Data provided -
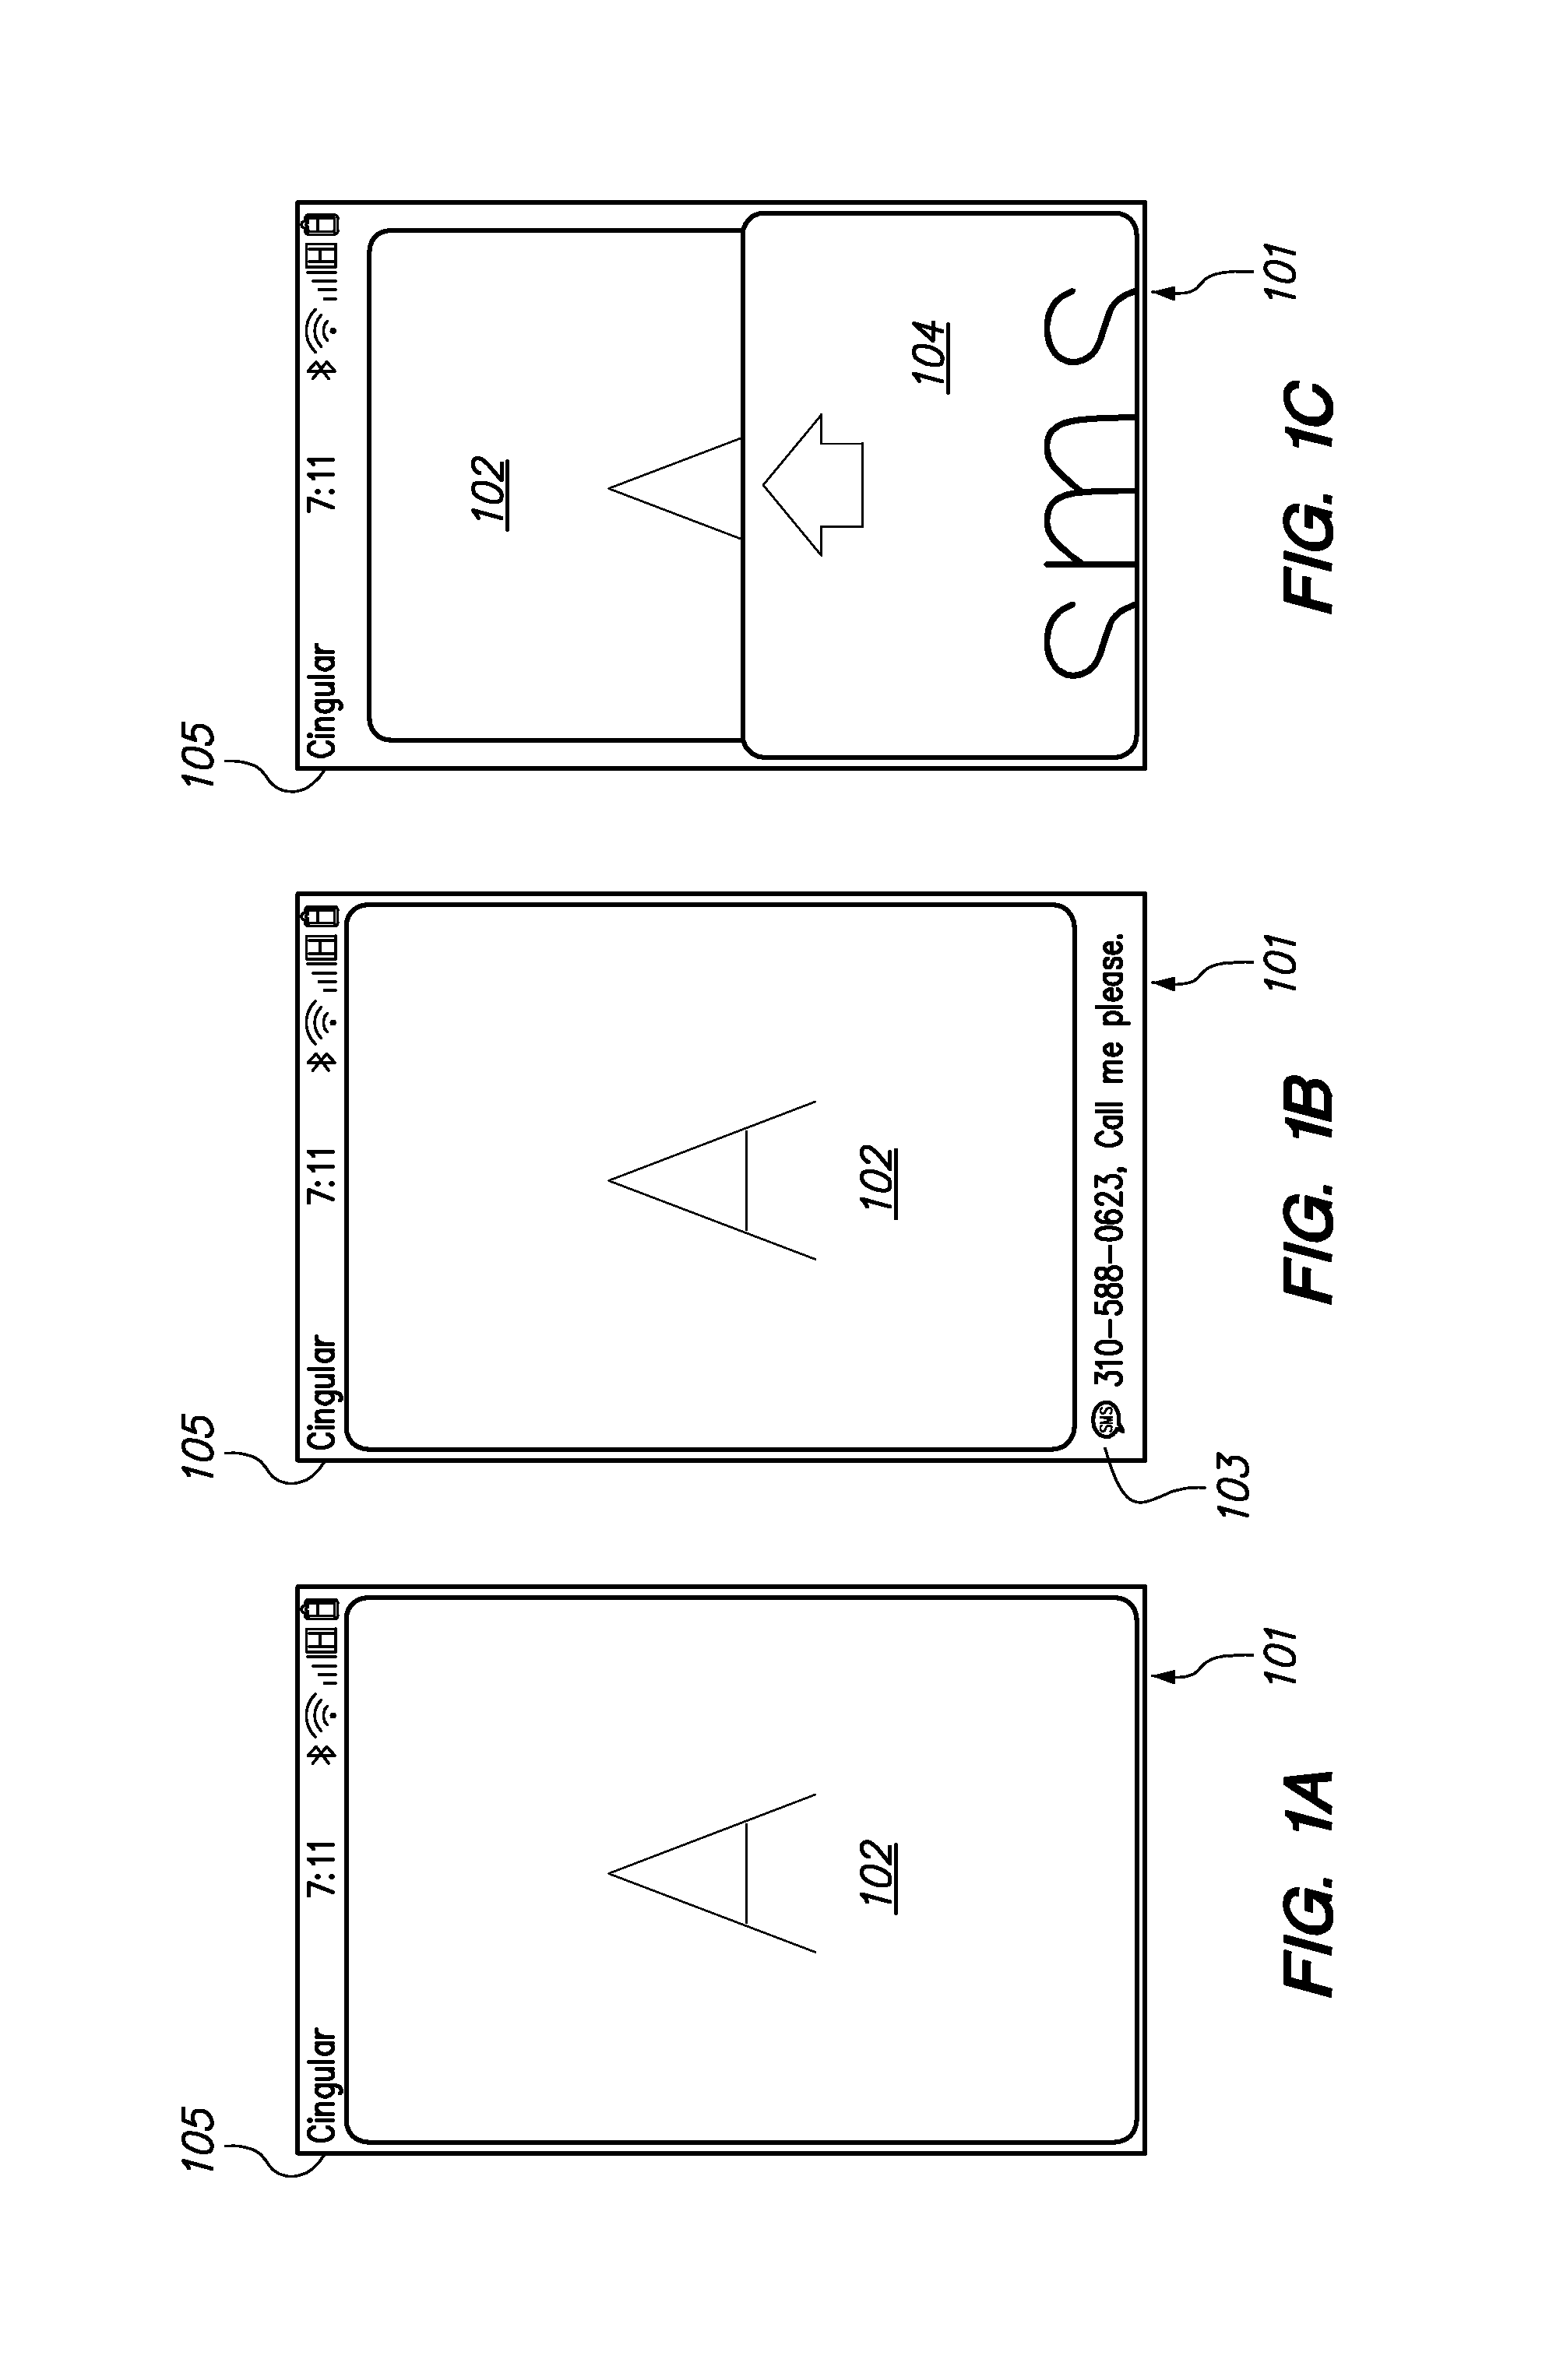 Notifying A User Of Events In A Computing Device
==
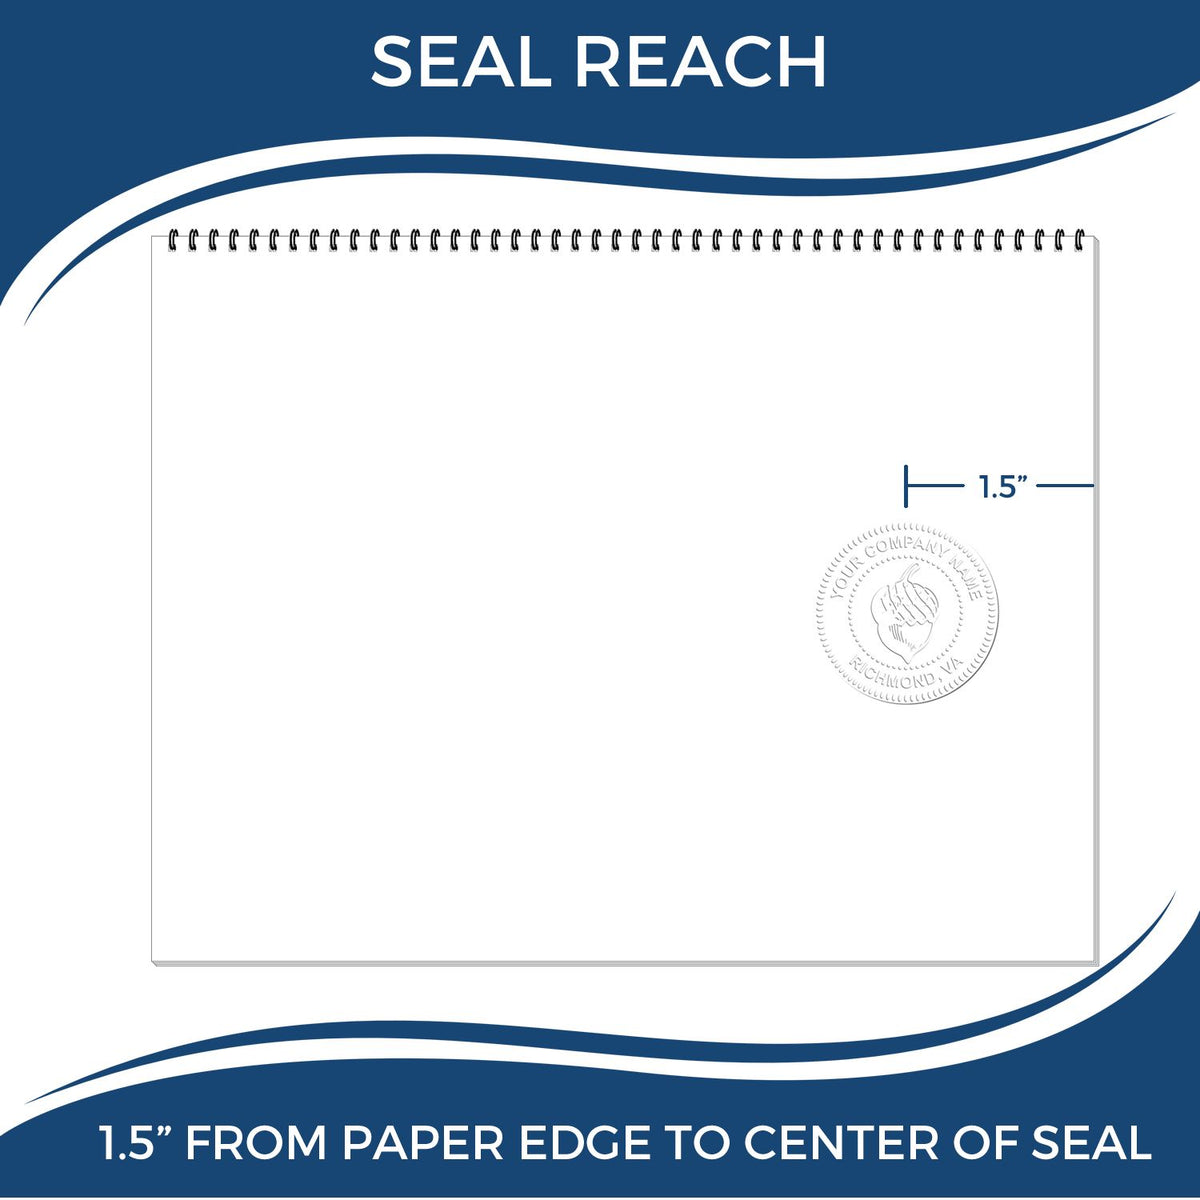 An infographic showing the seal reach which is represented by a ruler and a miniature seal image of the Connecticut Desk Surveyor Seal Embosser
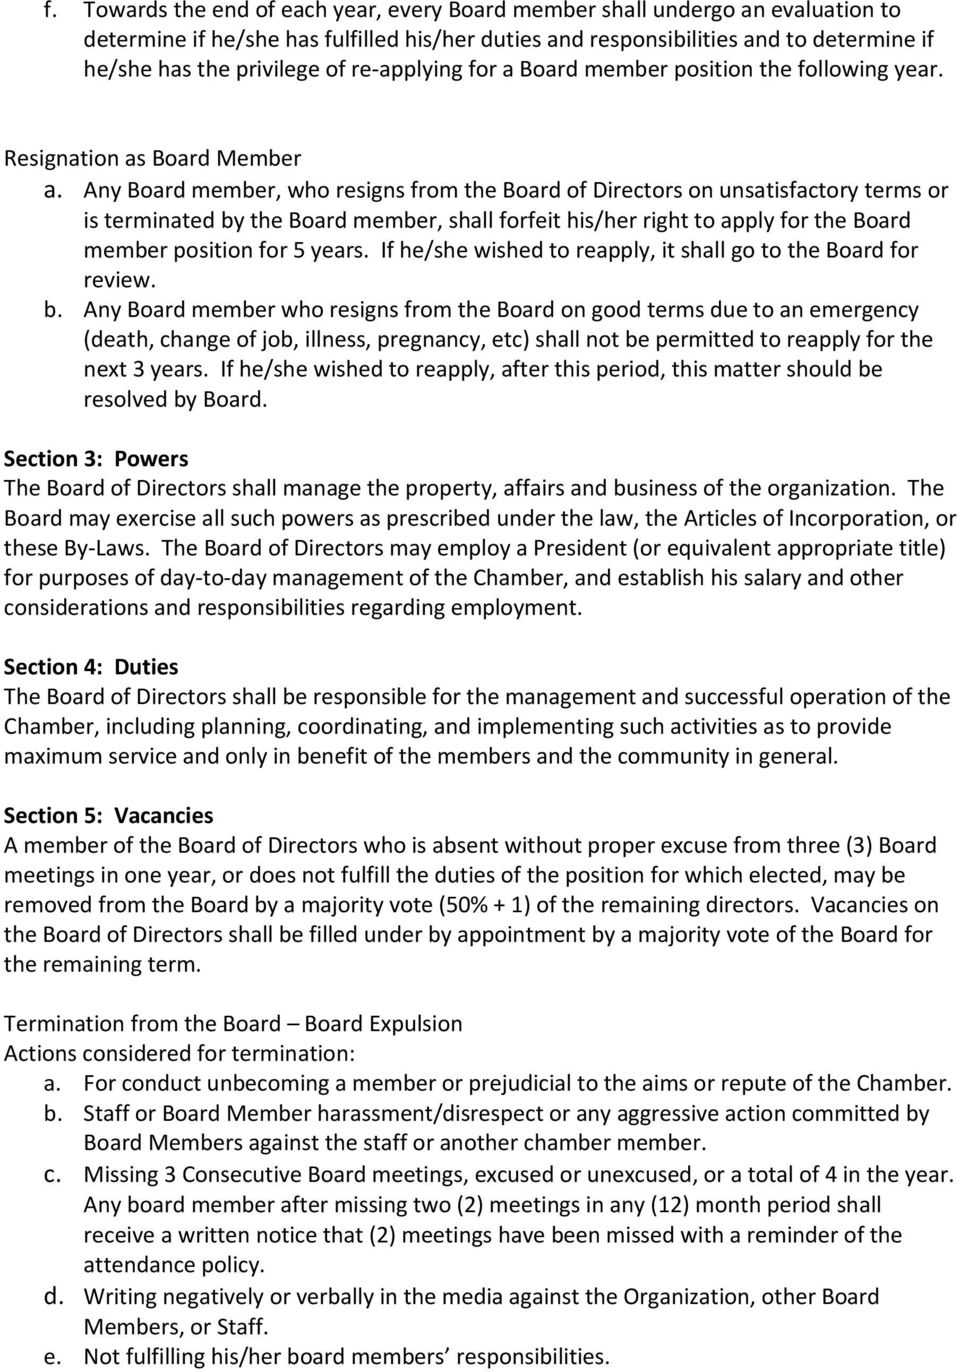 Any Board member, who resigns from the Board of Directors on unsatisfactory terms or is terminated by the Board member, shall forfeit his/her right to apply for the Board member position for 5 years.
==
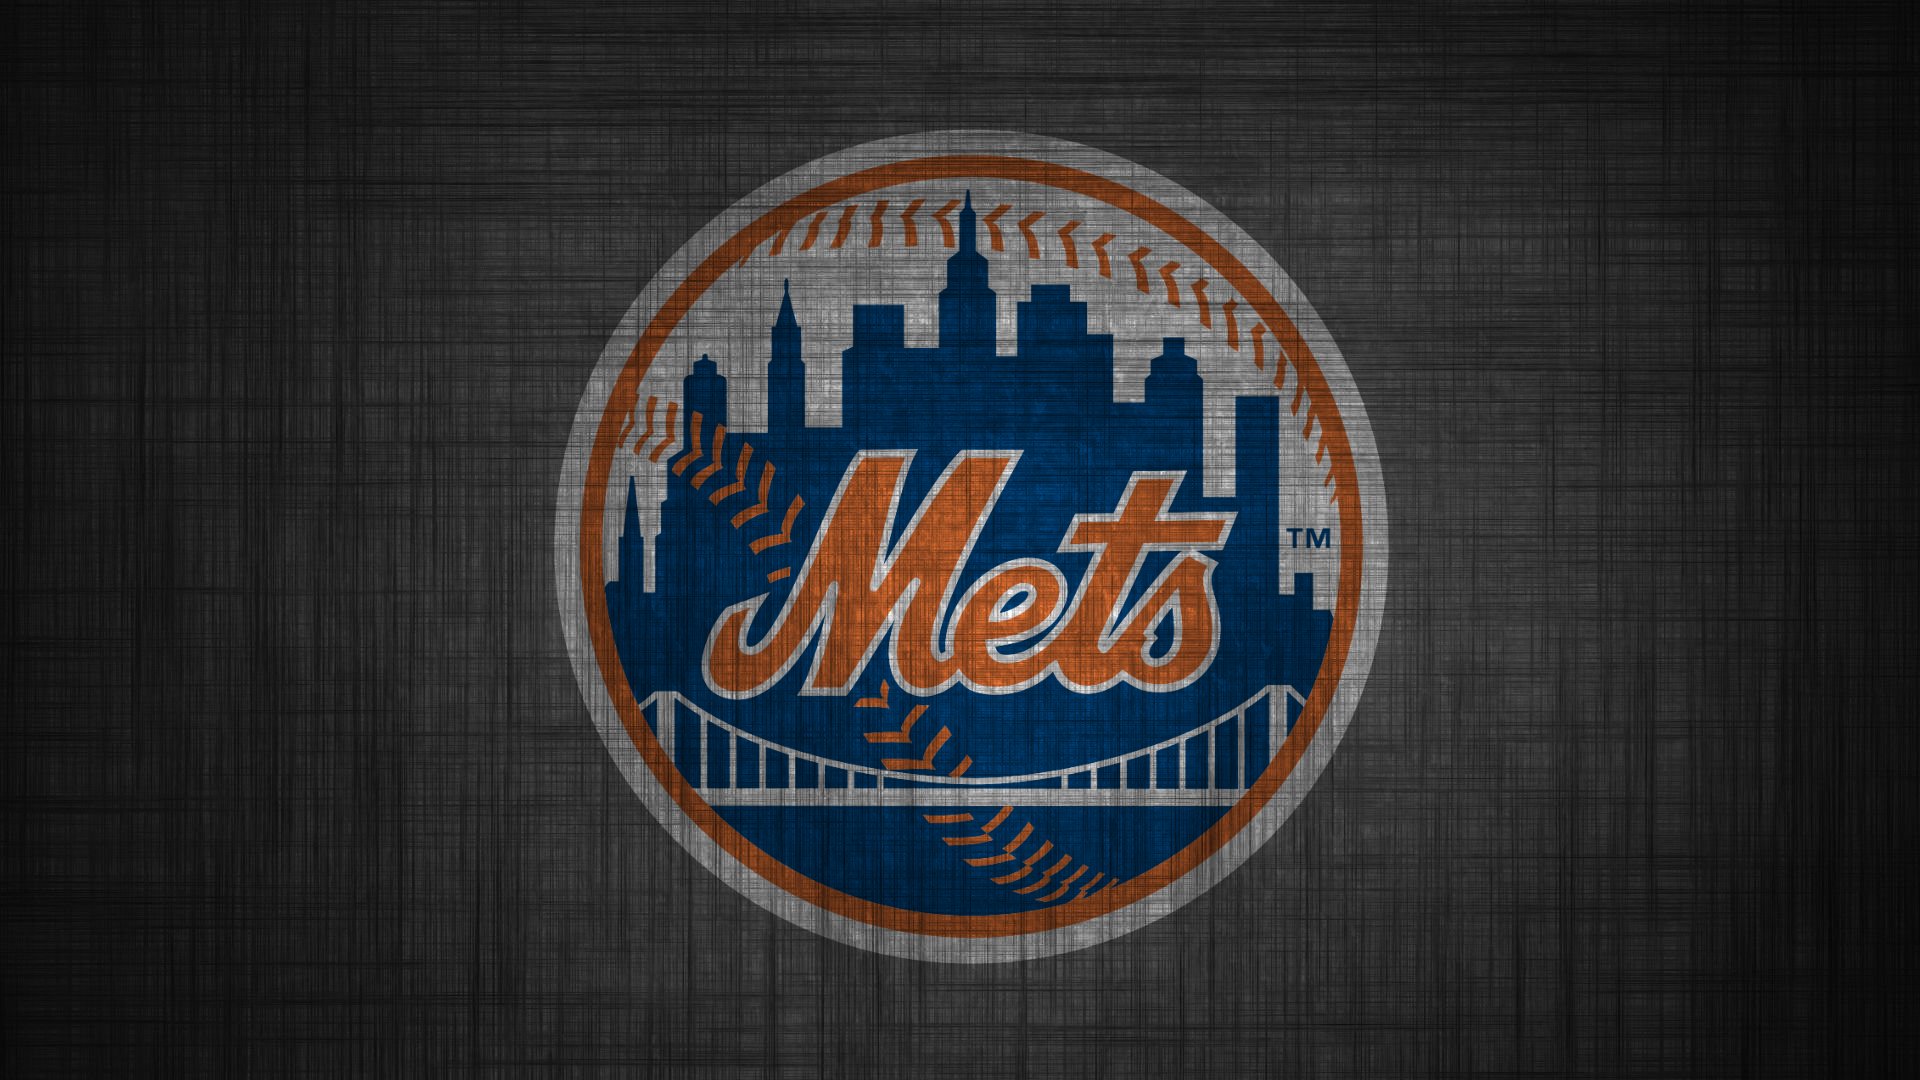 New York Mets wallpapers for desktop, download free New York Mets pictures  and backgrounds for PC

Task description -
Copy the listing above exactly, but only from the line with "An infographic showing" through the line with "Any Board member, who", including those two lines and excluding any picture.

Output of the task -
 An infographic showing the seal reach which is represented by a ruler and a miniature seal image of the Connecticut Desk Surveyor Seal Embosser
 Any Board member, who resigns from the Board of Directors on unsatisfactory terms or is terminated by the Board member, shall forfeit his/her right to apply for the Board member position for 5 years.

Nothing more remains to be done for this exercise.